Author: Donella H. Meadows and Diana Wright

Last Accessed on Kindle: Mar 15 2024

Ref: Amazon Link

The systems-thinking lens allows us to reclaim our intuition about whole systems and hone our abilities to understand parts, see interconnections, ask “what-if” questions about possible future behaviors, and be creative and courageous about system redesign.

The behavior of a system cannot be known just by knowing the elements of which the system is made.

System* is an interconnected set of elements that is coherently organized in a way that achieves something. If you look at that definition closely for a minute, you can see that a system must consist of three kinds of things: elements, interconnections, and a function or purpose.

A system is more than the sum of its parts. It may exhibit adaptive, dynamic, goal-seeking, self-preserving, and sometimes evolutionary behavior.

You think that because you understand “one” that you must therefore understand “two” because one and one make two. But you forget that you must also understand “and.”

Many of the interconnections in systems operate through the flow of information. Information holds systems together and plays a great role in determining how they operate.

Purposes are deduced from behavior, not from rhetoric or stated goals.

An important function of almost every system is to ensure its own perpetuation.

Keeping sub-purposes and overall system purposes in harmony is an essential function of successful systems.

The least obvious part of the system, its function or purpose, is often the most crucial determinant of the system’s behavior.

A change in purpose changes a system profoundly, even if every element and interconnection remains the same.

A stock is the foundation of any system. Stocks are the elements of the system that you can see, feel, count, or measure at any given time. A system stock is just what it sounds like: a store, a quantity, an accumulation of material or information that has built up over time.

Stocks change over time through the actions of a flow. Flows are filling and draining, births and deaths, purchases and sales, growth and decay, deposits and withdrawals, successes and failures. A stock, then, is the present memory of the history of changing flows within the system.

If you understand the dynamics of stocks and flows—their behavior over time—you understand a good deal about the behavior of complex systems.

A stock can be increased by decreasing its outflow rate as well as by increasing its inflow rate. There’s more than one way to fill a bathtub! Similarly, a company can build up a larger workforce by more hiring, or it can do the same thing by reducing the rates of quitting and firing.

Stocks generally change slowly, even when the flows into or out of them change suddenly. Therefore, stocks act as delays or buffers or shock absorbers in systems.

Stocks allow inflows and outflows to be decoupled and to be independent and temporarily out of balance with each other.

Systems thinkers see the world as a collection of stocks along with the mechanisms for regulating the levels in the stocks by manipulating flows.

A feedback loop is a closed chain of causal connections from a stock, through a set of decisions or rules or physical laws or actions that are dependent on the level of the stock, and back again through a flow to change the stock.

Balancing feedback loops are equilibrating or goal-seeking structures in systems and are both sources of stability and sources of resistance to change.

Reinforcing feedback loops are self-enhancing, leading to exponential growth or to runaway collapses over time. They are found whenever a stock has the capacity to reinforce or reproduce itself.

The information delivered by a feedback loop—even nonphysical feedback—can only affect future behavior; it can’t deliver a signal fast enough to correct behavior that drove the current feedback. Even nonphysical information takes time to feedback into the system.

Your mental model of the system needs to include all the important flows, or you will be surprised by the system’s behavior.

A stock-maintaining balancing feedback loop must have its goal set appropriately to compensate for draining or inflowing processes that affect that stock. Otherwise, the feedback process will fall short of or exceed the target for the stock.

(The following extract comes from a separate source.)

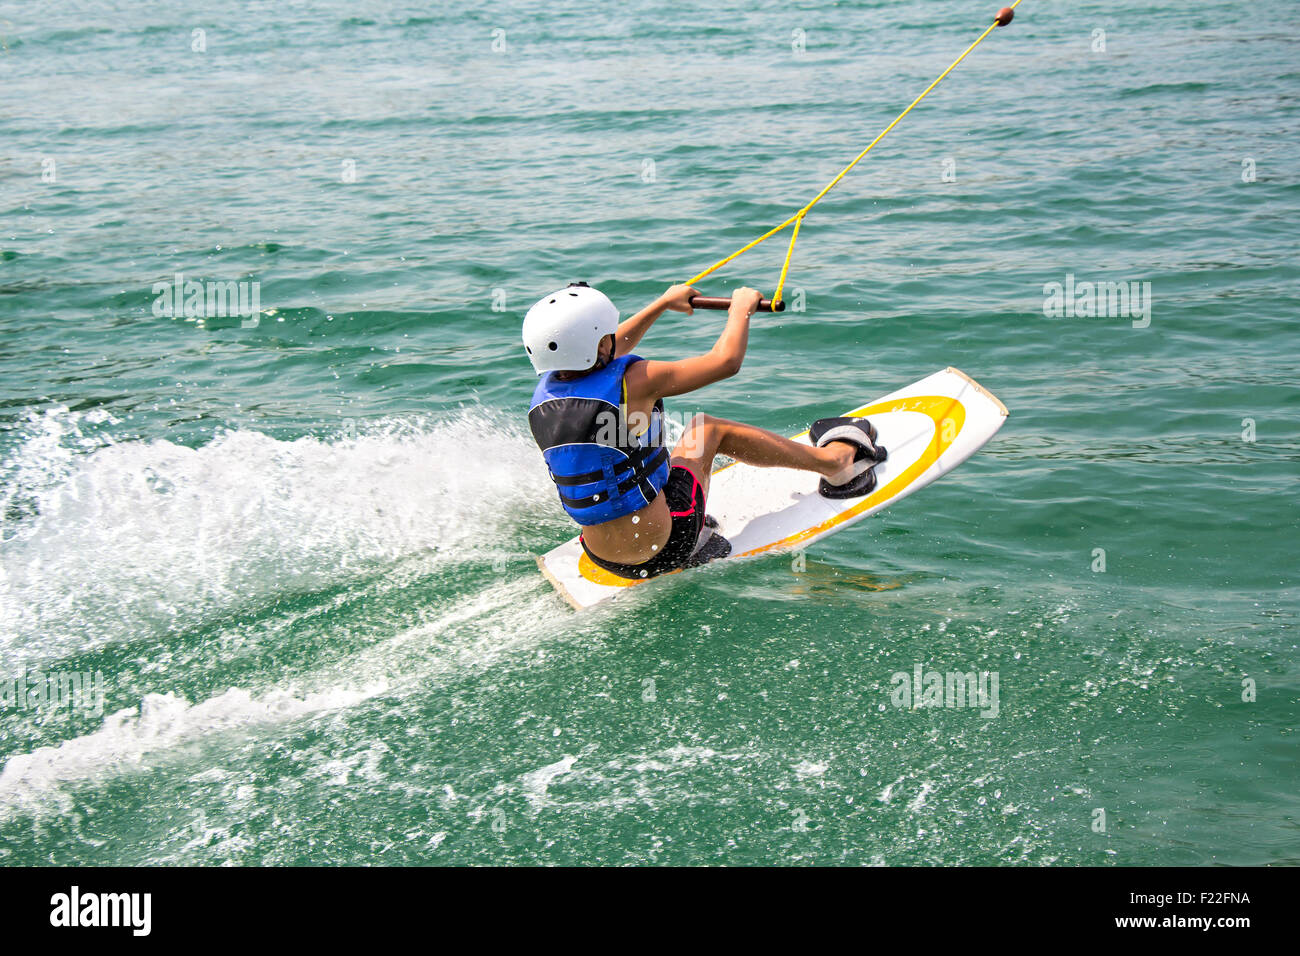 Ein junger Wakeboarder in Aktion auf dem See Stockfoto

Complex behaviors of systems often arise as the relative strengths of feedback loops shift, causing first one loop and then another to dominate behavior.

QUESTIONS FOR TESTING THE VALUE OF A MODEL Are the driving factors likely to unfold this way? If they did, would the system react this way? What is driving the driving factors?

Systems with similar feedback structures produce similar dynamic behaviors.

A delay in a balancing feedback loop makes a system likely to oscillate.

Delays are pervasive in systems, and they are strong determinants of behavior. Changing the length of a delay may (or may not, depending on the type of delay and the relative lengths of other delays) make a large change in the behavior of a system.

Renewable resources are flow-limited. They can support extraction or harvest indefinitely, but only at a finite flow rate equal to their regeneration rate. If they are extracted faster than they regenerate, they may eventually be driven below a critical threshold and become, for all practical purposes, nonrenewable.

Self-organization produces heterogeneity and unpredictability. It is likely to come up with whole new structures, whole new ways of doing things. It requires freedom and experimentation, and a certain amount of disorder. These conditions that encourage self-organization often can be scary for individuals and threatening to power structures. As a consequence, education systems may restrict the creative powers of children instead of stimulating those powers. Economic policies may lean toward supporting established, powerful enterprises rather than upstart, new ones. And many governments prefer their people not to be too self-organizing. Fortunately, self-organization is such a basic property of living systems that even the most overbearing power structure can never fully kill it, although in the name of law and order, self-organization can be suppressed for long, barren, cruel, boring periods.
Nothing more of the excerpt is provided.